The distinction matters because tactics for retrieval-based systems don't work for base models, and vice versa. The next time someone tells you to "optimize for ChatGPT," you first questions should be: which version? With or without web search?

Measurement trap via Gemini lol

What this means for comms teams

The honest answer is that GEO is mostly uncertainty dressed up as strategy. I know that's frustrating. BUT it's also clarifying.

Strip away the hype and you're left with fundamentals that would serve you well regardless of AI:

  • Narrative consistency. AI systems synthesize information from multiple sources. If your website says one thing, your Wikipedia entry says another, and your press coverage contradicts both, the AI has to make a choice. It might make the wrong one. Audit your presence across sources and eliminate contradictions.

  • Entity clarity. AI systems need to understand who you are, what you do, and how you relate to other entities (people, products, categories). Ambiguity creates errors. If your CEO shares a name with a professional athlete, or your company name is a common word, you have extra work to do.

  • Canonical sources. Wikipedia, major publications, industry databases carry weight in retrieval systems. Your owned content matters less than what trusted third parties say about you. This isn't new, it's just more visible now.

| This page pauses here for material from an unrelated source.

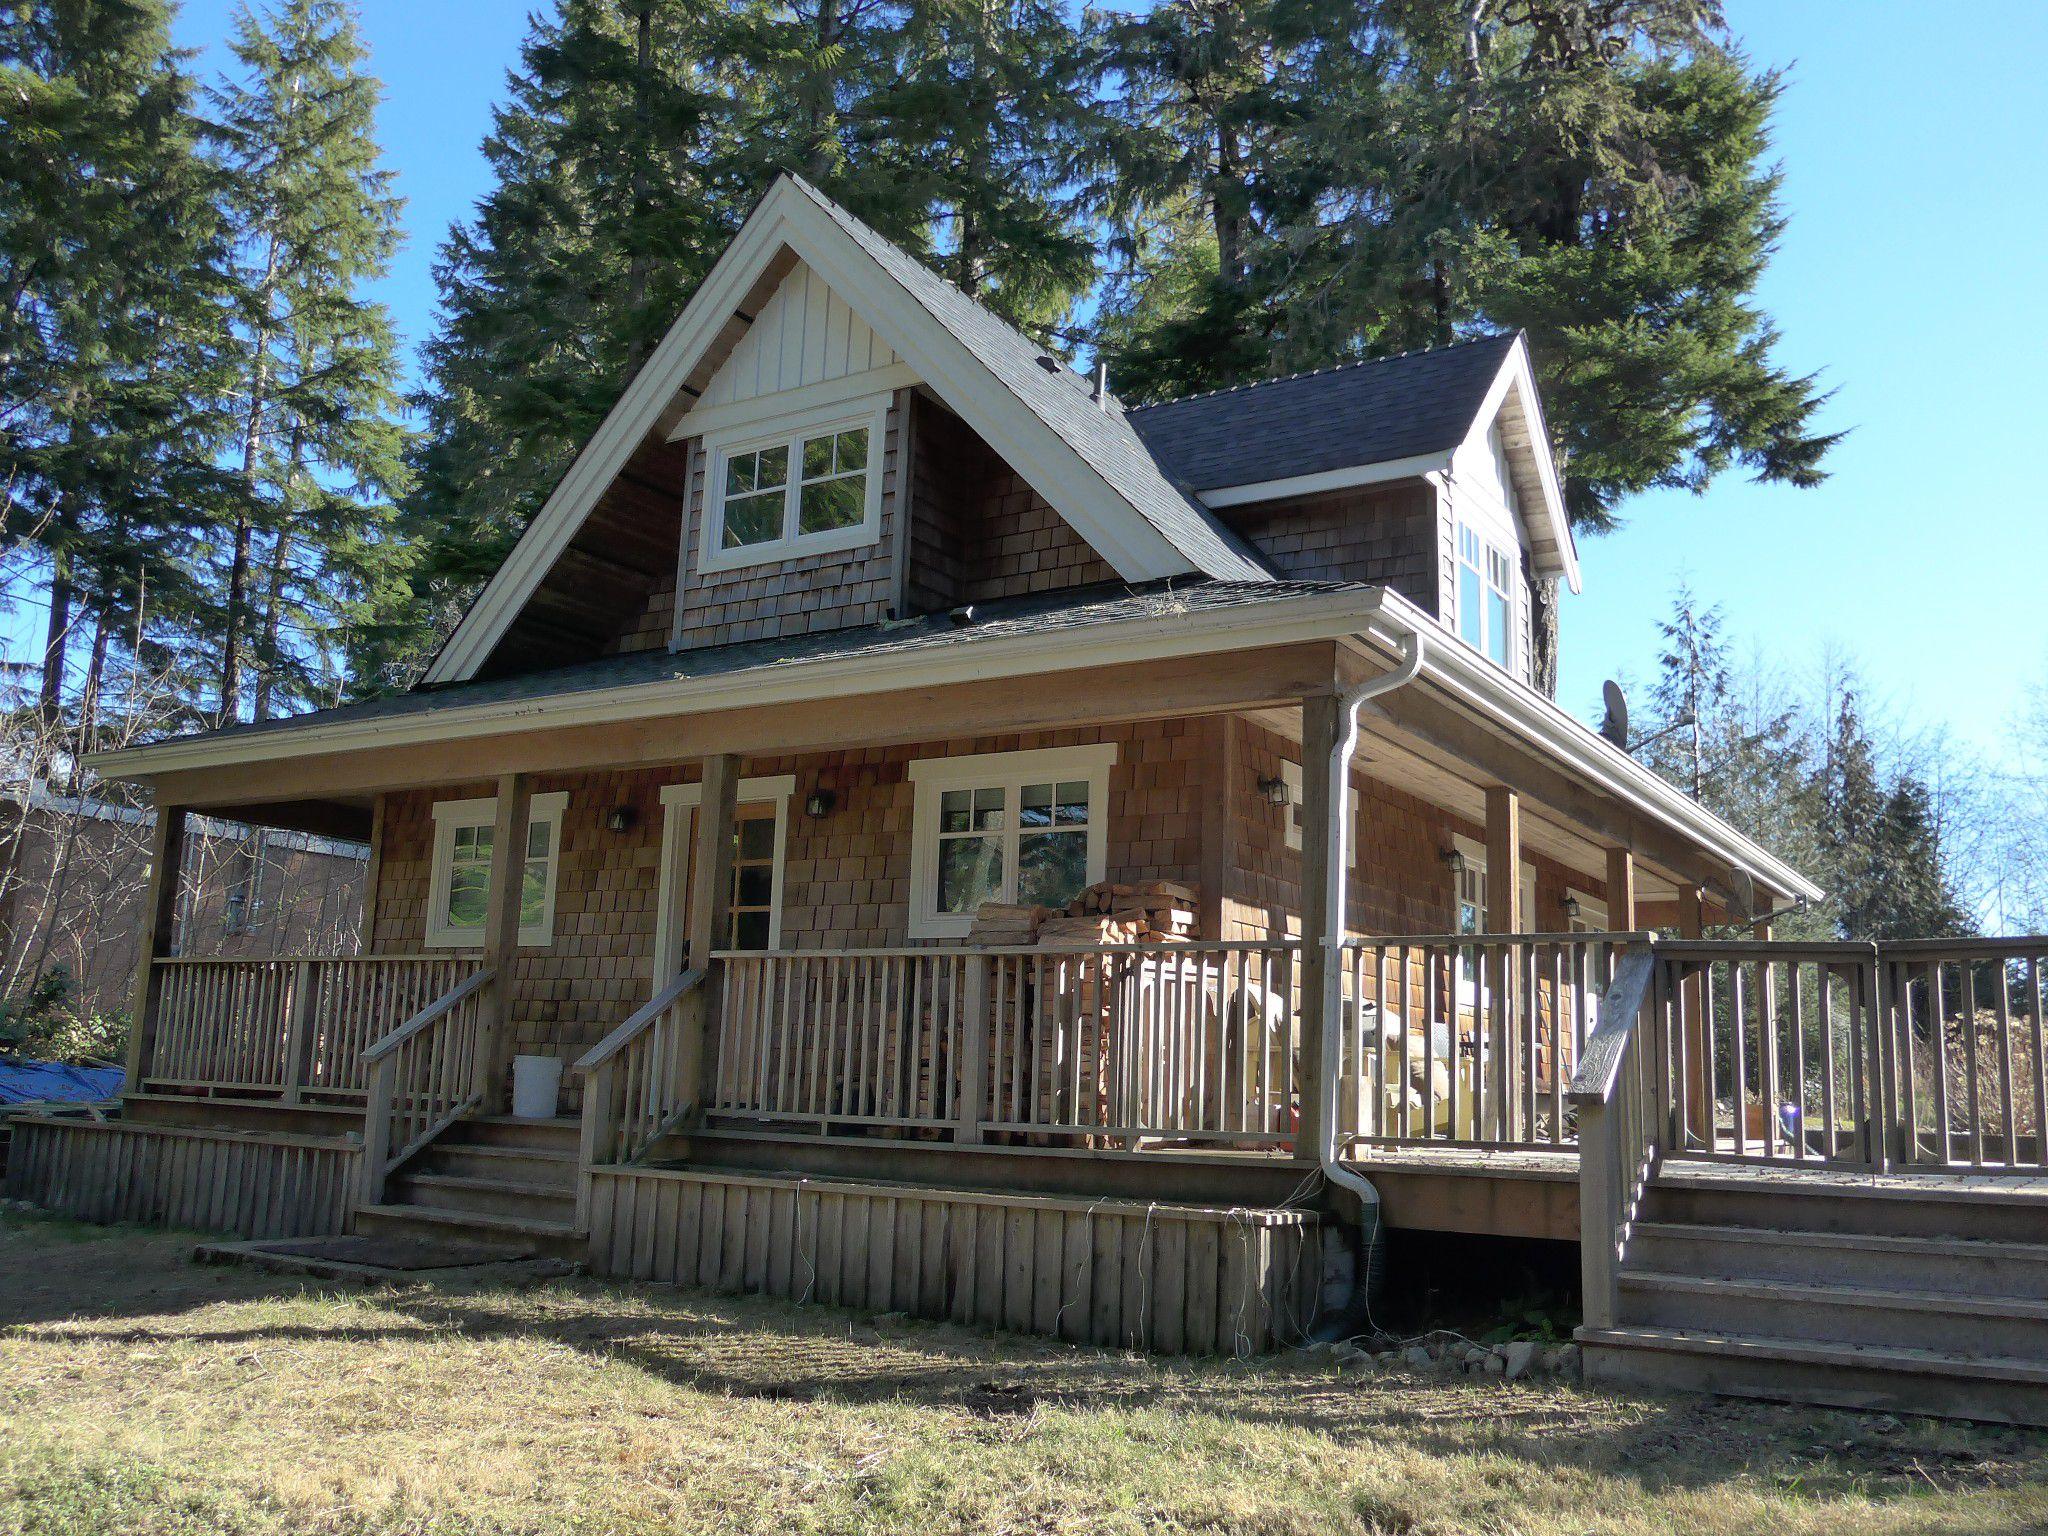 Main Photo: 194 Cape Beale Trail: Bamfield House for sale (Port Alberni)  : MLS®# 451551

  • Earned credibility that compounds over time. Creating more content won't help if it's not worth citing. This is where the earned coverage and podcasts go.

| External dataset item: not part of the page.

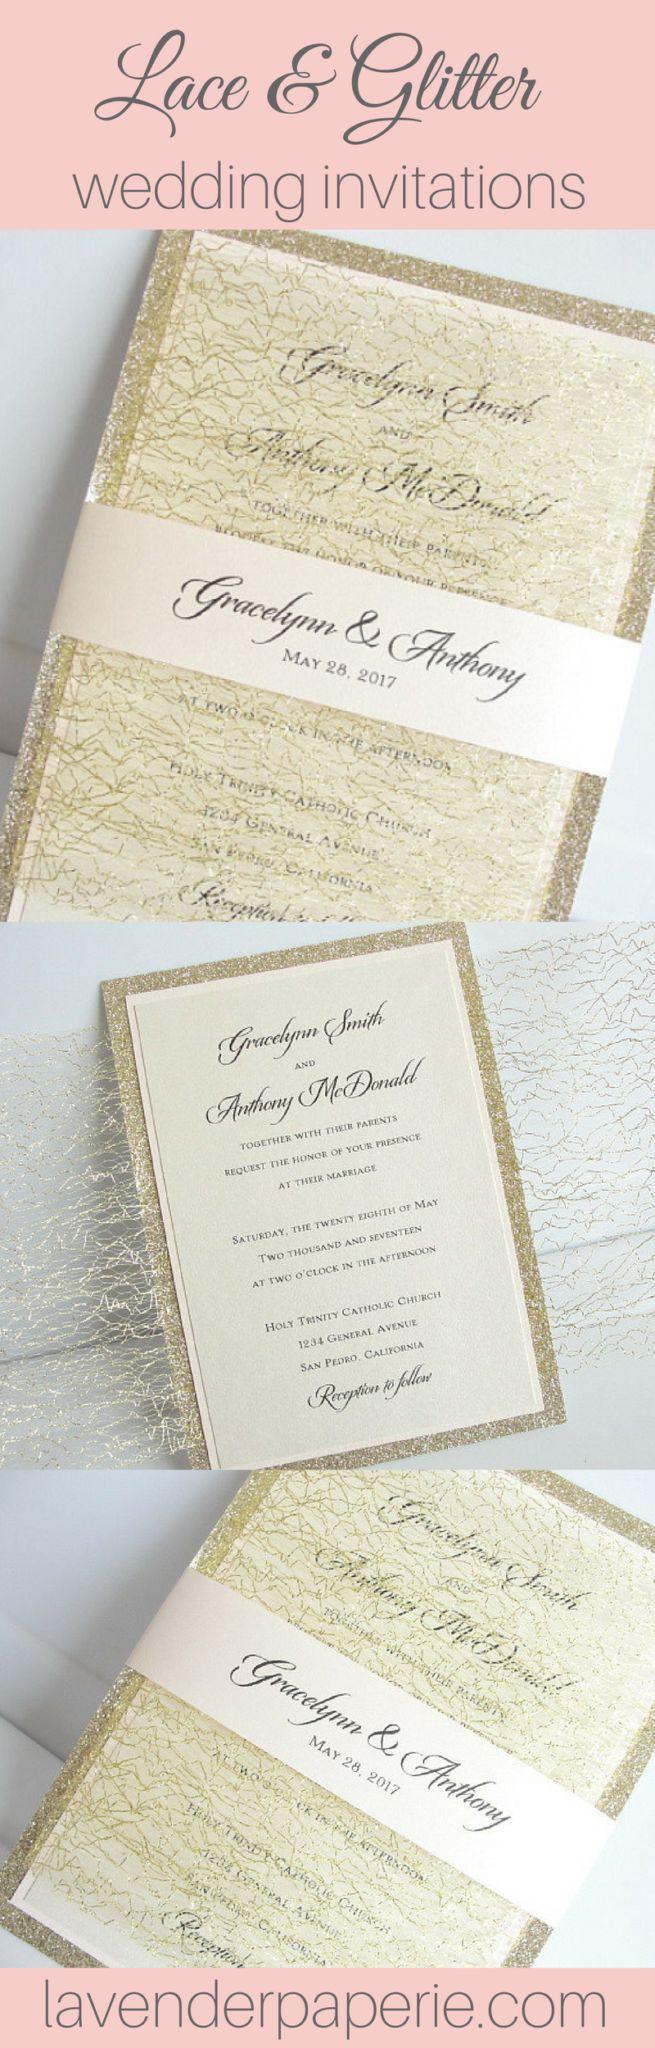 730 Best Luxury Wedding Ideas Images On Pinterest Luxury Wedding

If we shift the conversation from AI tactics to storytelling fundamentals, we have the opportunity to see that investment compound over years as AI systems become more sophisticated and more ubiquitous.

OK Katie wrap it up

GEO is real in the sense that AI systems are becoming a primary discovery channel, and what they say about you matters. But most GEO advice treats AI like it's 2008 era Google (aka a single system with a single algorithm you can game if you know the tricks).

The companies that will do well in AI visibility are the ones doing the fundamentals well by using clear positioning, consistent narrative, earned credibility from sources that matter (imagine that!).

I’m sorry I can’t come to you with a new playbook… our current playbook is just the old playbook but with higher stakes and a deeper need for focus, while not being raccoons drawn to shiny distractions!

In short, the real opportunity isn't proving PR's value through AI metrics. It's being the team that understands AI well enough to set realistic expectations while everyone else chases certainty that doesn't exist. It’s the team that maintains credibility through authentic voices and storytelling, because those are the ones that are going to rise up from the AI beige content we’re seeing.

That's how you build credibility. Not by claiming control over probabilistic systems, but by being honest about what's controllable and what isn't.